The second big problem is deadlock. Notice that move() holds two locks. What would happen if one process called move(dirA, ..., dir B, ...) while another process called move(dirB, ..., dir A, ...)?

In an operating system the usual solution is to avoid deadlocks by establishing an order on all locks and making sure that every thread acquires its locks in that order. For the file system the rule might be to lock the directory with the lowest inode first. Picking and obeying the order on all locks requires that modules make public their locking behavior, and requires them to know about other module's locking. This can be painful and error-prone.

Fine-grained locks usually make both of these problems worse.

Some terms

Locks are a way to implement "mutual exclusion", which is the property that only one CPU at a time can be executing a certain piece of code. This is also called "isolation atomicity".

The code between an acquire() and a release() is sometimes called a "critical section."

The more general idea of ensuring one thread waits for another when neccessary for correctness is called "coordination." People have invented a huge number of coordination primitives; locks are just one example, which we use because they are simple. We'll see some more coordination primitives next.

Spin Lock Subtleties

The xchg R,M instruction is expensive because it usually involves a bus transaction, to ensure that the read and write both happen atomically. Here is a computer system diagram to explain this better:
                           -------------
                          | Main Memory |  (containing l->locked)
                           -------------
                                  |
                                  |
        --------|-----------------|----------------|------
        --------|-----------------|----------------|------   Bus
        --------|-----------------|----------------|------
                |                                  |
                |                                  |
              cache0                             cache1
             --------                           --------
             | CPU0 |                           | CPU1 |
             --------                           --------
Each CPU usually has a private L1 cache. Consistency between the caches is maintained using a "cache coherence protocol", whereby the system ensures that each memory location has only one valid value at any time.

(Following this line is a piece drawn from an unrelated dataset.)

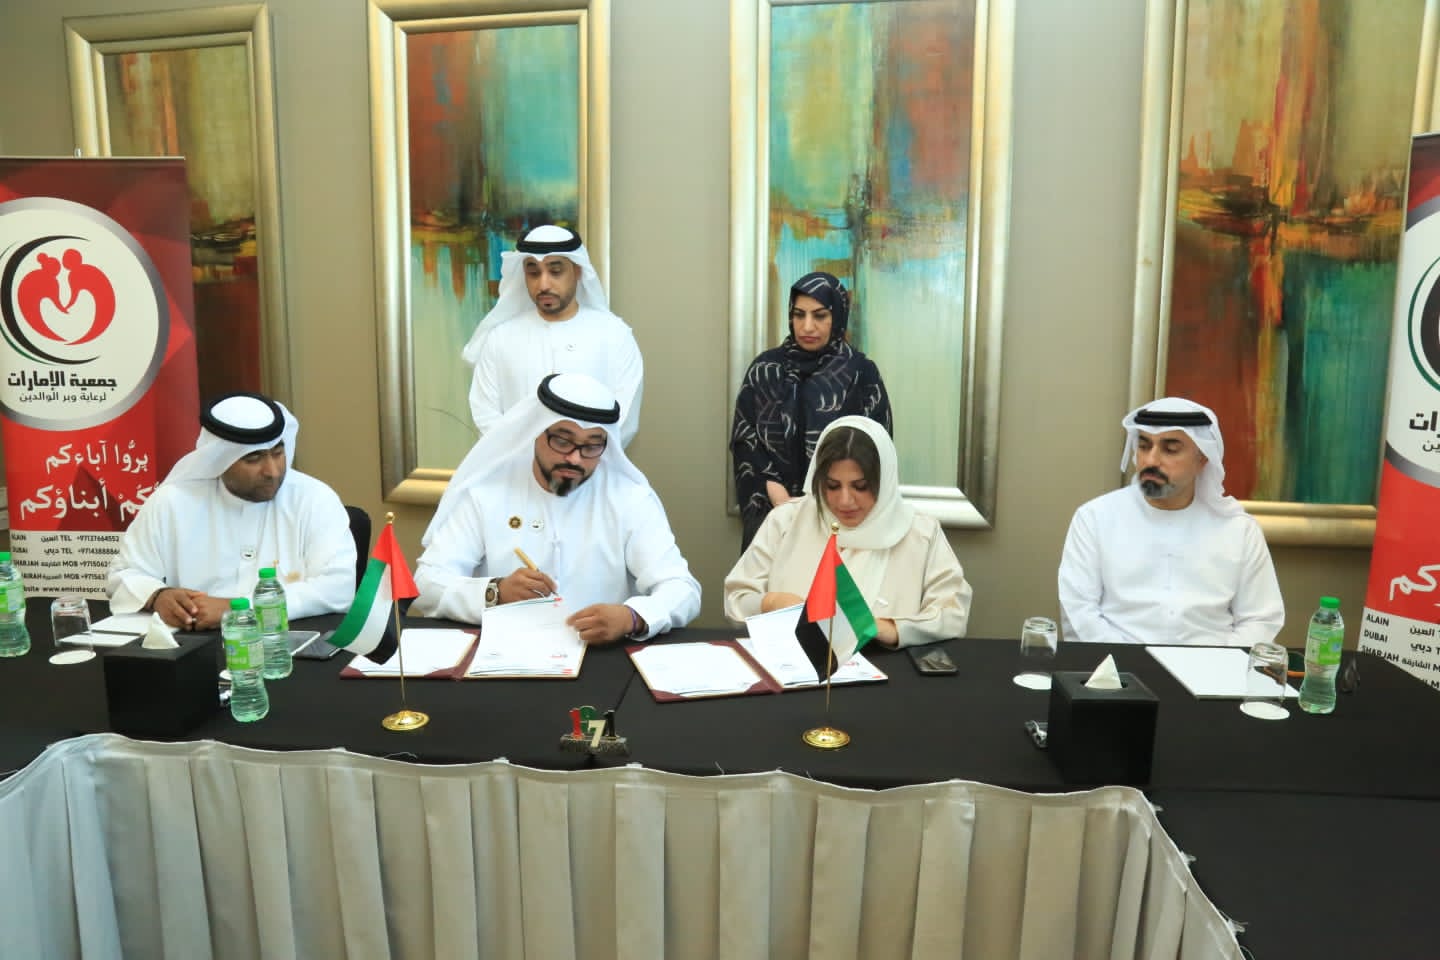 اتفاقية تعاون بين فريق "فخر زايد التطوعي" وجمعية الإمارات لرعاية وبر الوالدين

Thus if CPU0 access location X, a 100 times (without any intervening access to X by CPU1), the first access will result in a bus transaction (whereby X will be fetched either from the main memory, or from CPU1's cache through the cache coherence protocol). All the other 99 accesses will be served locally from cache0, without incurring a bus transaction. In a multiprocessor system, the bus often becomes a performance bottleneck (especially if the number of CPUs is high), and so reducing the number of bus transactions is an important optimization.

In our implementation of acquire() and release(), we use the atomic xchg instruction that needs to perform two memory accesses (one read and one write) in an atomic fashion. This can only be achieved by a bus transaction, because all other processors need to be informed that the two memory accesses need to be done atomically. Hence, if a CPU is spin-waiting inside a lock acquire function, it is constantly making bus transactions, which can severely affect performance.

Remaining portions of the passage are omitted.